From the days of Adolph Rupp to this year of sweet redemption for Tubby Smith, March has meant the Kentucky Wildcats in the NCAA tournament.
They're in their 44th tournament -- their 12th straight, starting Friday in Nashville against tourney newcomer IUPUI -- and they've won it seven times. They've spoiled their fans silly.
Bewigged and beaded in blue, Kentucky fans turned the Superdome into Rupp Arena South at last weekend's Southeastern Conference tournament, and they planned on going back for more of the same raucous good time at the Final Four in April.
If some in Blue Nation came to New Orleans still suspicious of Smith, they left by joining the growing chants of ''Tub-bee, Tub-bee.''
In a scandal-stained season for college basketball at schools as diverse as Georgia, St. Bonaventure and Villanova, Smith is a shoo-in for national coach of the year.
The Cats' No. 1 ranking, a 29-3 record, 23 straight victories and a sweep through the powerful Southeastern Conference are credentials enough for a coach whose team was picked to finish third in the SEC East.
But Smith has added something else: dignity to a profession that can use all it can find.
A thick wood shepherd's staff, taller than Smith, stands in a corner behind his desk. A gift from Cameron Mills, one of the captains on Smith's 1998 national champions in his first season as Kentucky's head coach, it is a symbol of the challenges Smith has faced on perhaps the nation's most fervent basketball campus.
God still ranks above the game here, but church services start earlier and sermons are shorter when the Cats play Sunday afternoons.
Smith has tried to rescue more than a few wayward players, succeeding with some, losing others, while fighting off all the wolfish critics who have attacked him and them since he took over for Rick Pitino six years ago. He's played by the rules, come down hard on his players when they broke them, and proved he could win with the players he inherited and those he recruited.
Smith couldn't win for winning until this season. Some Kentucky fans never forgave him for not being Pitino, for not running an offense like Pitino's or getting recruits like him.

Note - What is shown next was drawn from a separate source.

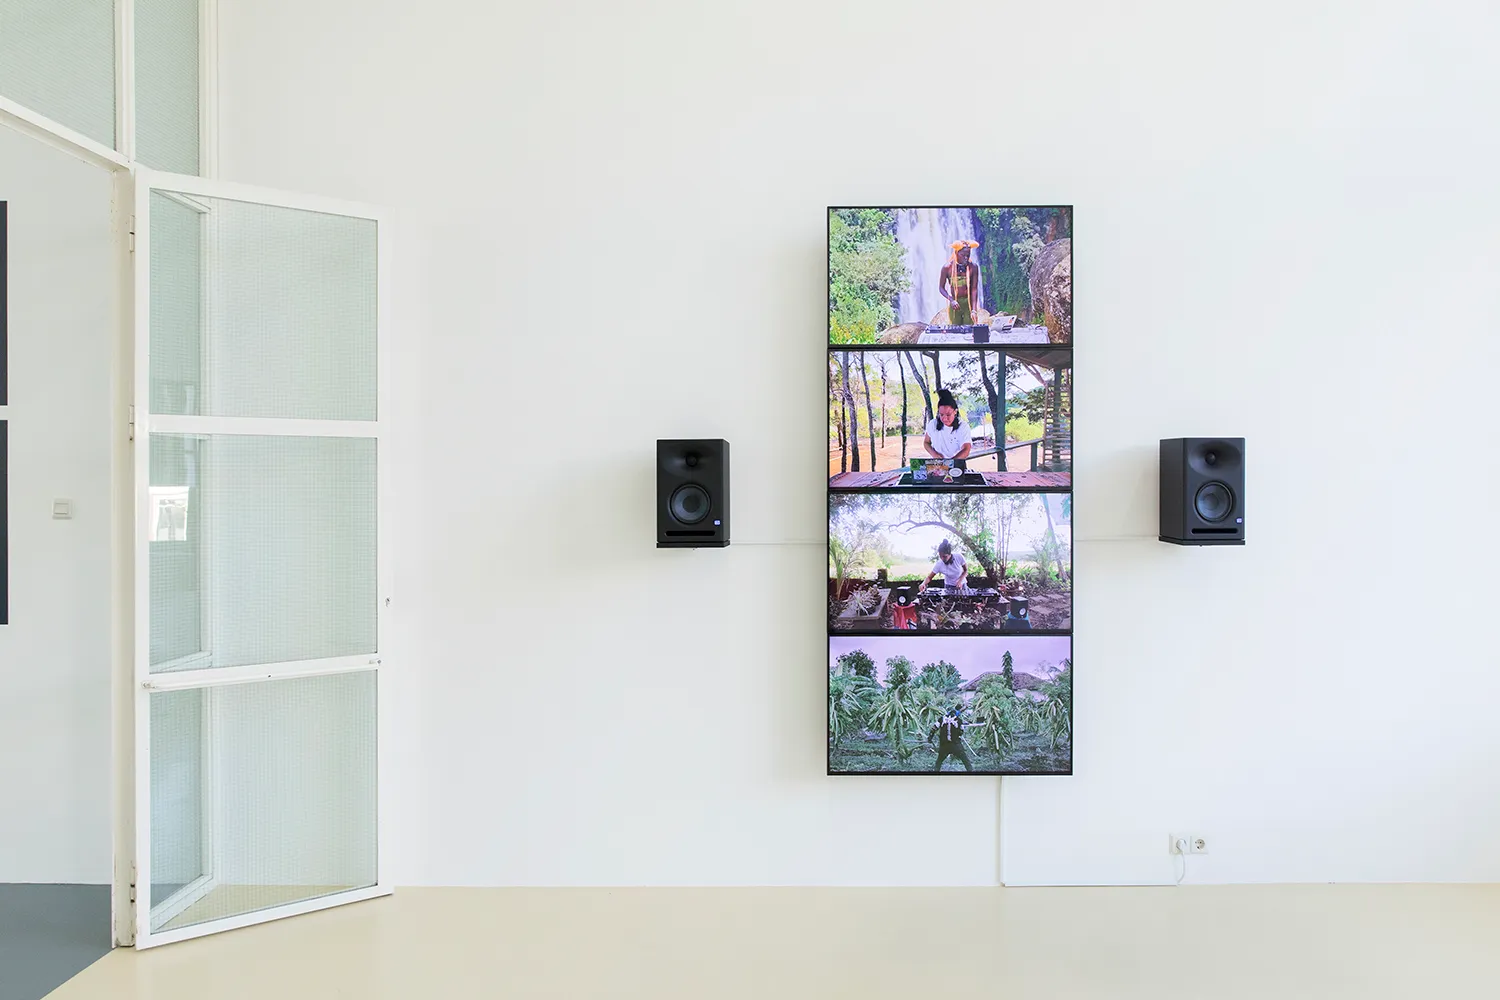 4 flatscreens die een verticale streep vormen op de muur met 2 speakers. Op elk scherm treedt een andere DJ op, voor een tropische achtergrond.

The 1998 championship team -- that was Pitino's players, critics carped. Never mind that it might actually be tougher to win with players recruited by another coach.
Three straight years with double-digit losses -- Pitino never had that, fans grumbled. Forget that the Wildcats averaged 23 victories those seasons, despite injuries and suspensions.
This year's 81-63 loss to Pitino's Louisville Cardinals -- that got them howling.
Now Smith has redeemed himself, doing it on his own terms with speed and depth on a team that has no star.
It is a team whose strength is its coaching, the soft-spoken but firm leadership of a man who dresses like an ambassador and holds himself and his players to a high standard.
Smith says he filters out the racial undertones of some of the criticism and takes pride in being the first black coach at a school that once epitomized segregation under Rupp. Smith was 14 when he watched Rupp's all-white team lose in the 1966 NCAA championship game against Texas Western's five black starters.